*DIRECTIONS FOR THIS TASK*.
Your answer must hold only the lines below from the line containing "Furniture moving plans" through the line containing "Aegypten, Oase Dakhla, Landwirtschaft", each reproduced exactly.

*STORED DATA*.
###
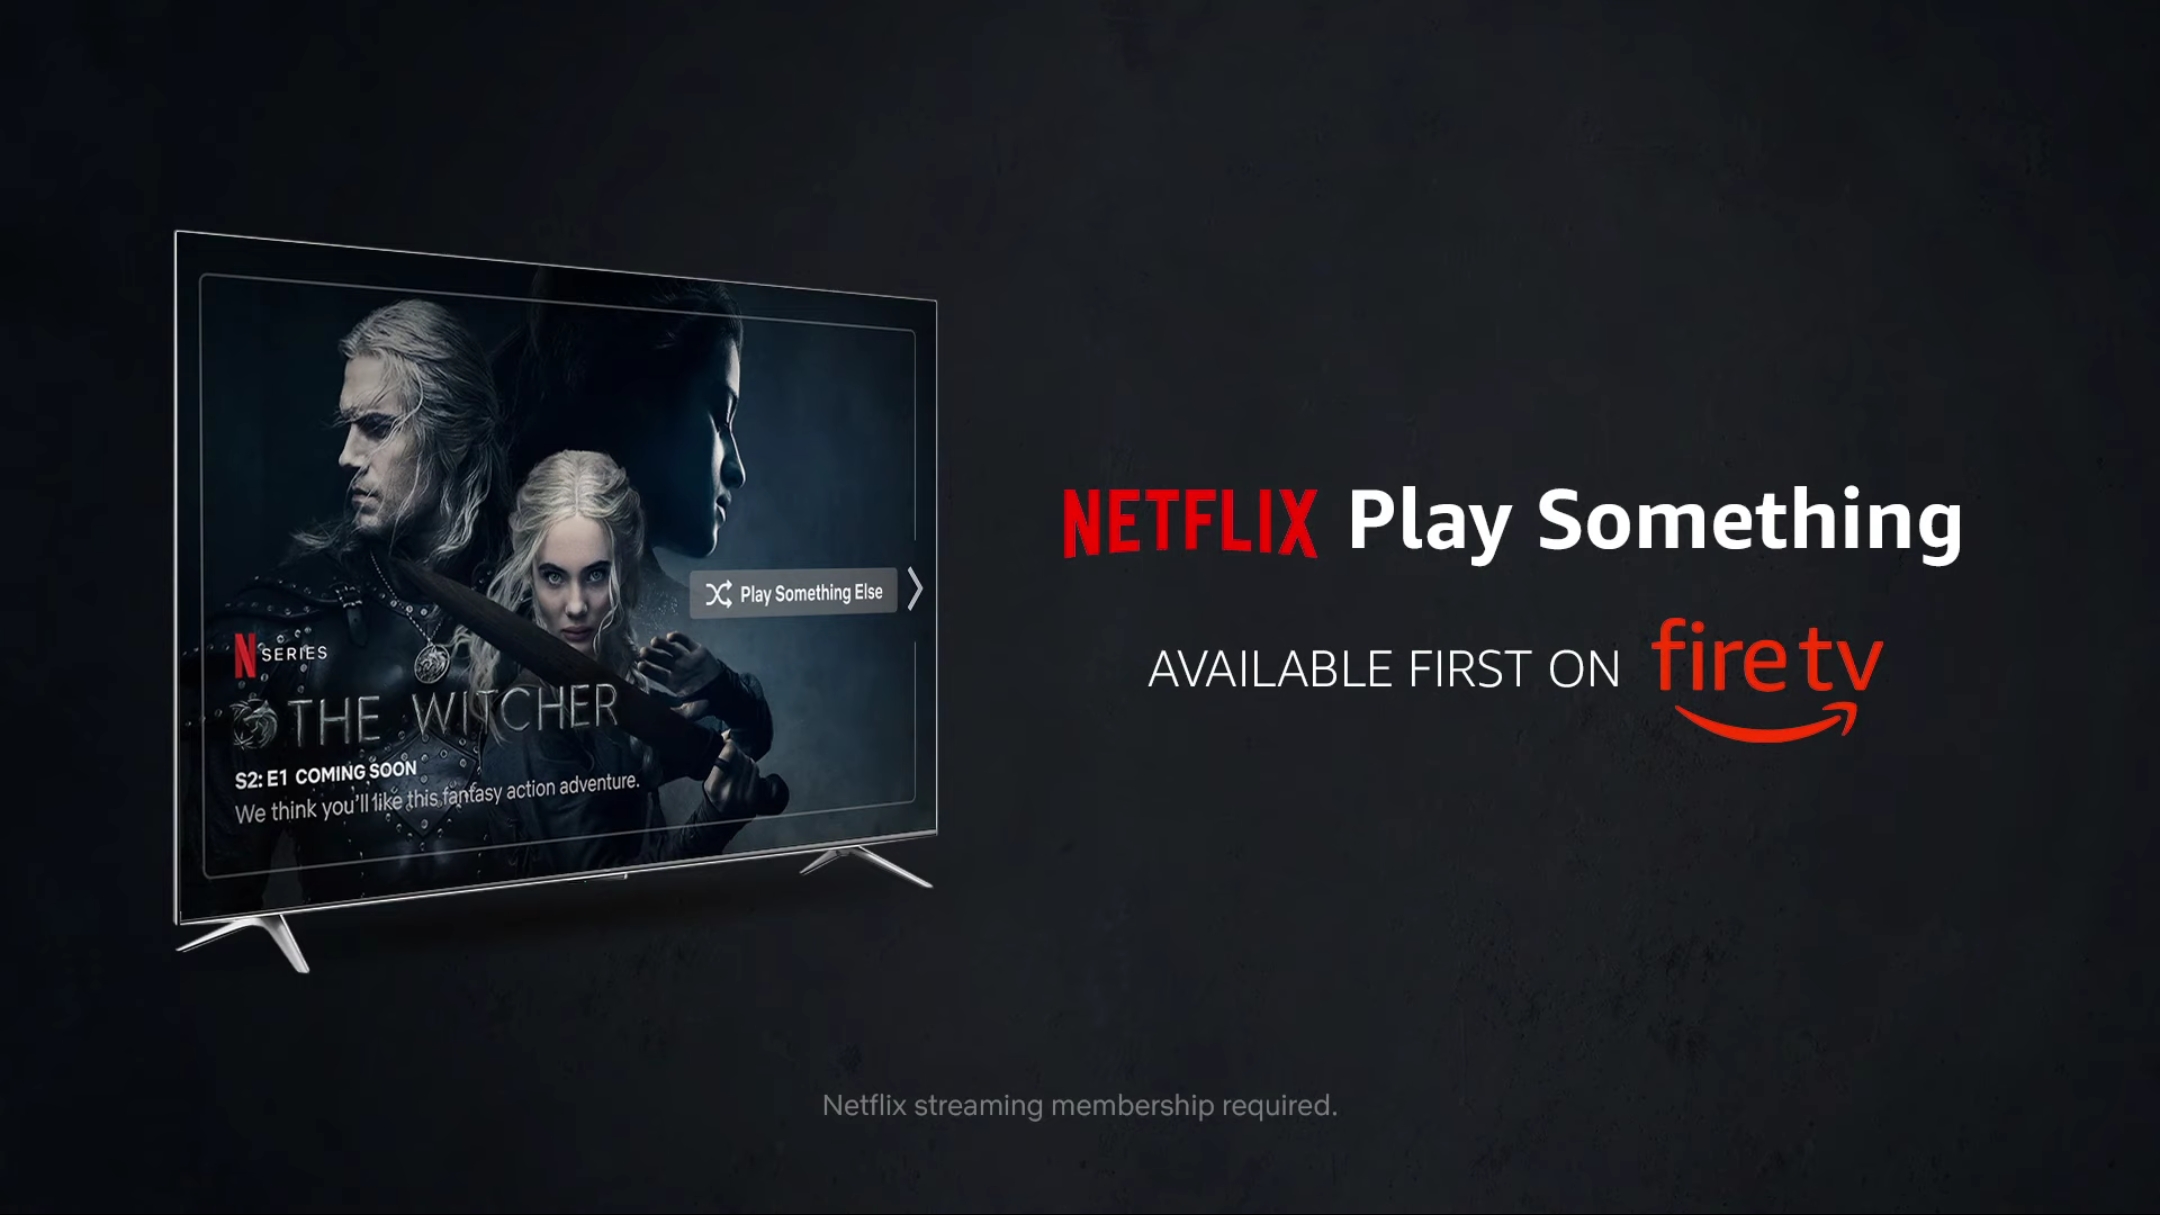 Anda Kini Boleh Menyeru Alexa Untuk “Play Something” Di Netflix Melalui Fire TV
###
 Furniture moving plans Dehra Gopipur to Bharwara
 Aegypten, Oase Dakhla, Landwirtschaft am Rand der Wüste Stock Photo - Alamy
###
*SOLVED EXERCISE*.
 Furniture moving plans Dehra Gopipur to Bharwara
 Aegypten, Oase Dakhla, Landwirtschaft am Rand der Wüste Stock Photo - Alamy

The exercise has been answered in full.